- **Required action**
Would you copy only the lines below, from the one containing "Σέρρες: Έρχεται η" through the very last one, leaving the pictures out?

- **Data excerpt**
·····
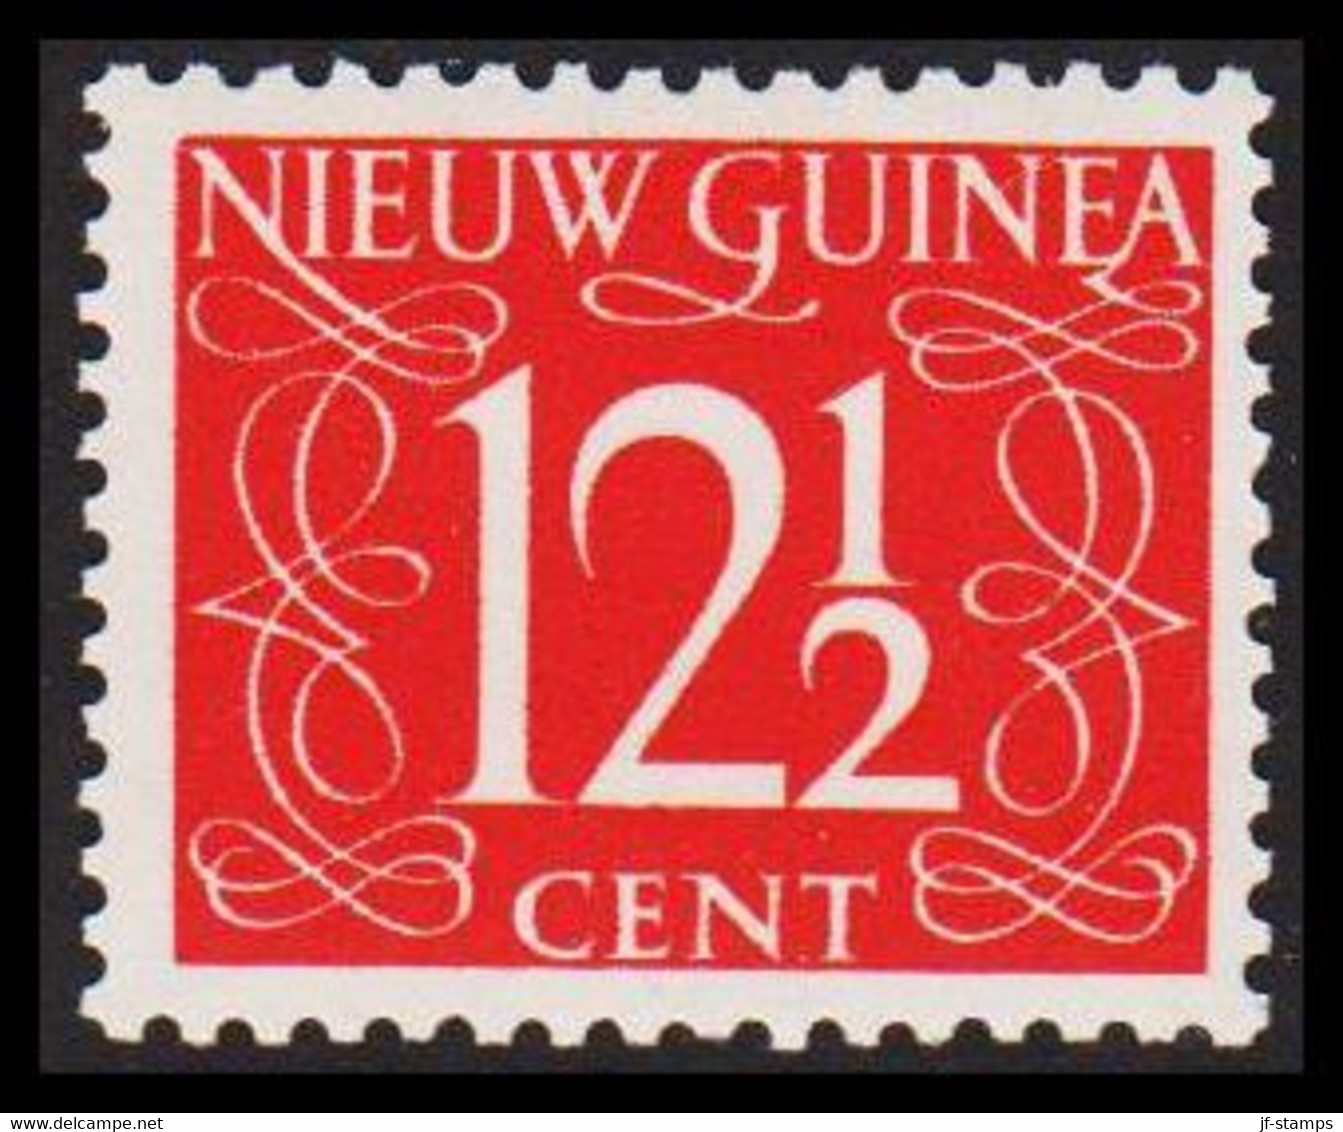 1950. NIEUW GUINEA. Nummerals- Type 12½ CENT Hinged.  - JF529322 - Nouvelle Guinée Néerlandaise
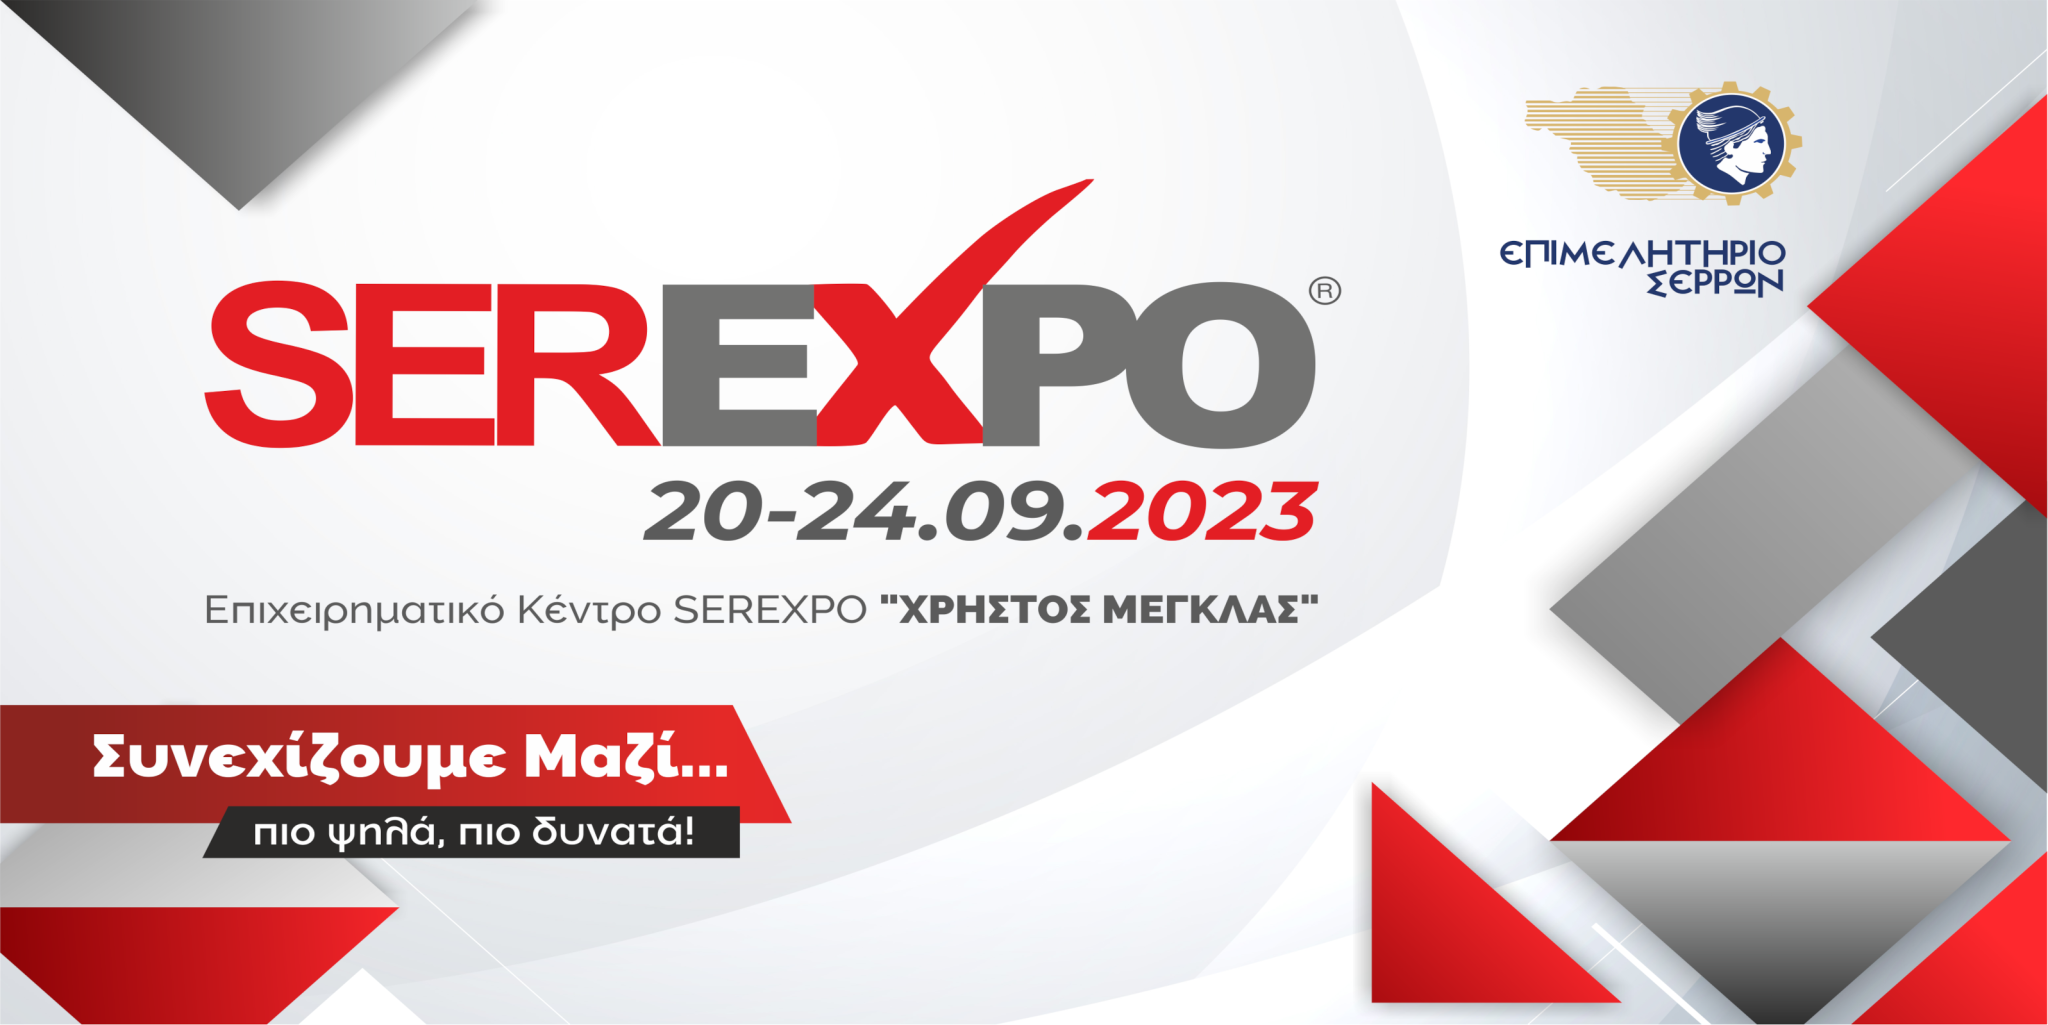 Σέρρες: Έρχεται η έκθεση “Serexpo 2023”-Το πρόγραμμα των παράλληλων εκδηλώσεων
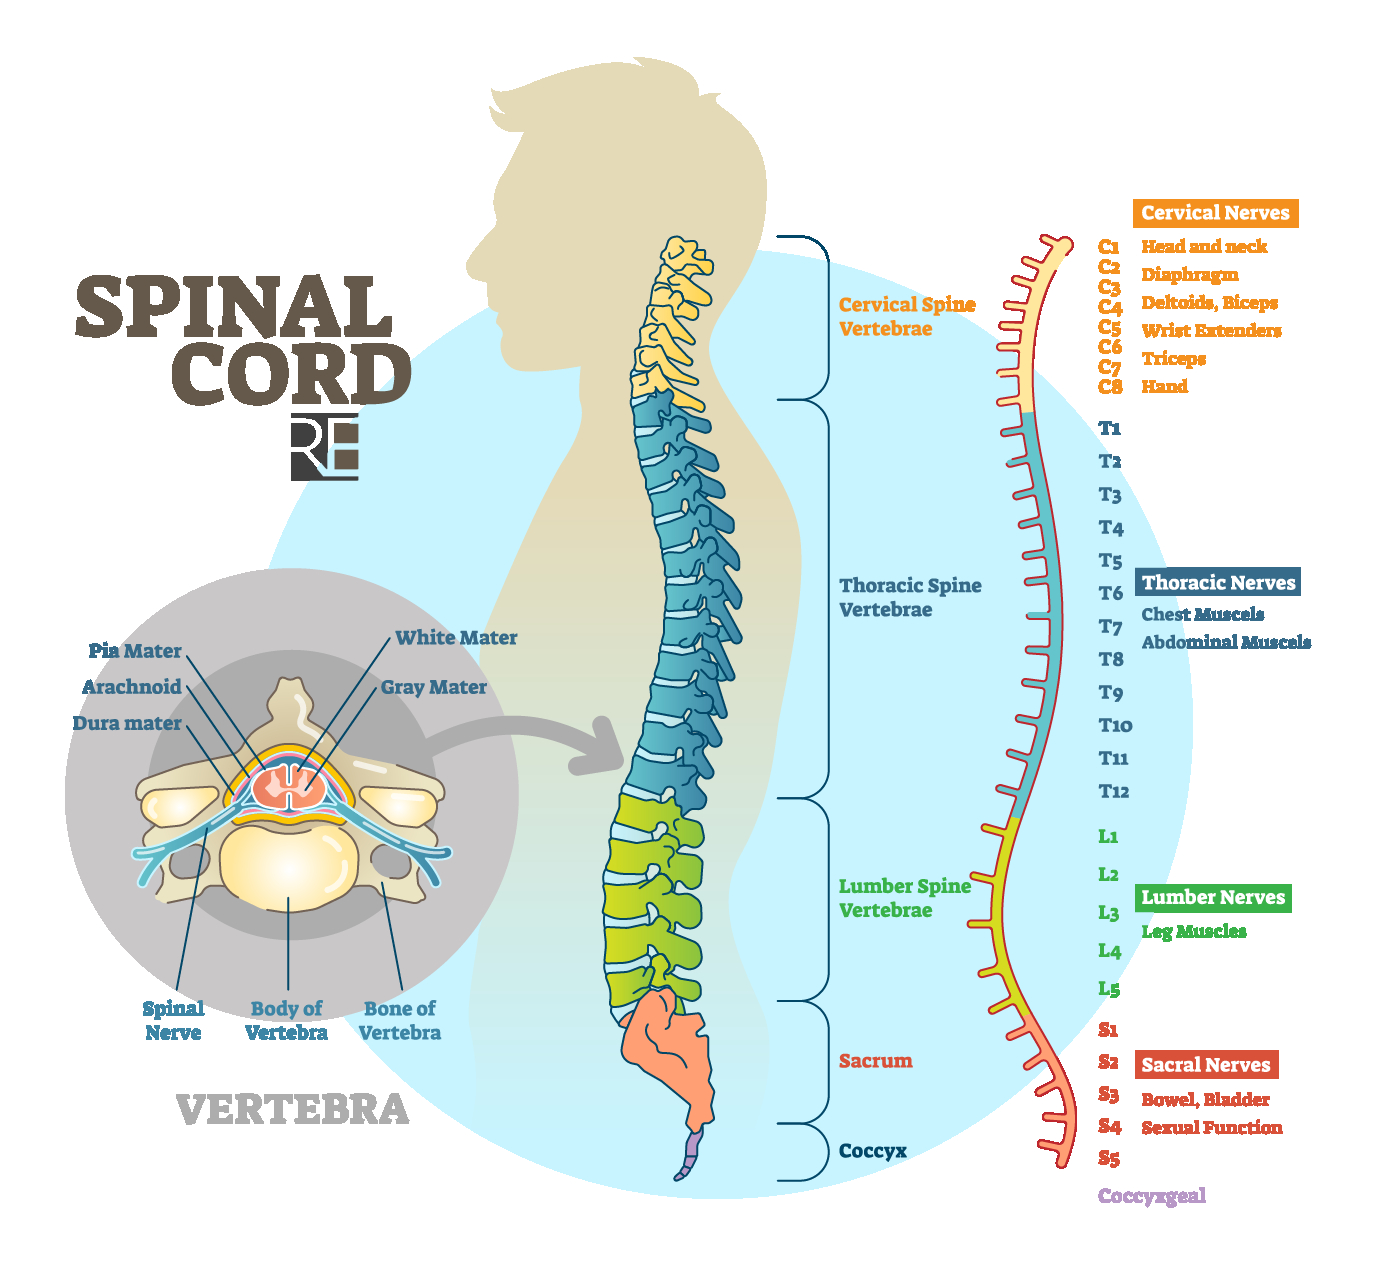 Spinal Cord Diagram Raynes Erickson Spinal Cord Diagram Raynes Erickson Attorneys At Law
·····
- **The answer**
 Σέρρες: Έρχεται η έκθεση “Serexpo 2023”-Το πρόγραμμα των παράλληλων εκδηλώσεων
 Spinal Cord Diagram Raynes Erickson Spinal Cord Diagram Raynes Erickson Attorneys At Law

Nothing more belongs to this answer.